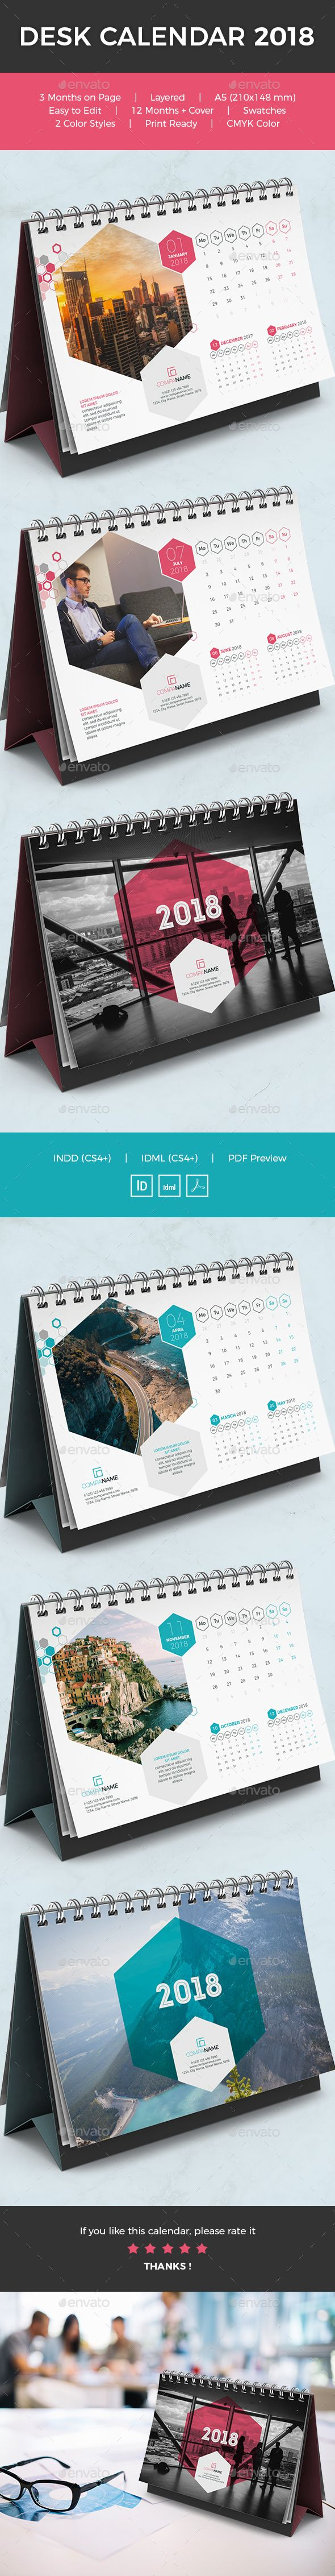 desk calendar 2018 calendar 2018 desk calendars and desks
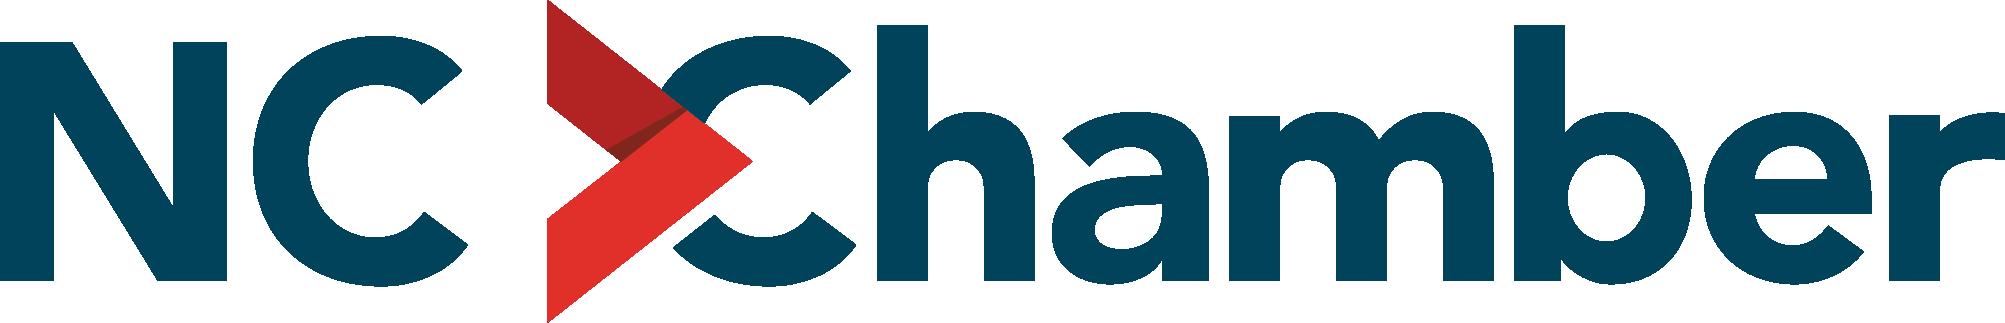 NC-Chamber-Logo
---
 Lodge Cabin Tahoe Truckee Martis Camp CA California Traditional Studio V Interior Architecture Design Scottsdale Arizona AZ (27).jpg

• YOUR GOAL
Reproduce the data above exactly, but only the lines from the one showing "desk calendar 2018" through the one showing "NC-Chamber-Logo", with both ends kept and the pictures left out.

• SOLUTION TO THIS TASK
 desk calendar 2018 calendar 2018 desk calendars and desks
 NC-Chamber-Logo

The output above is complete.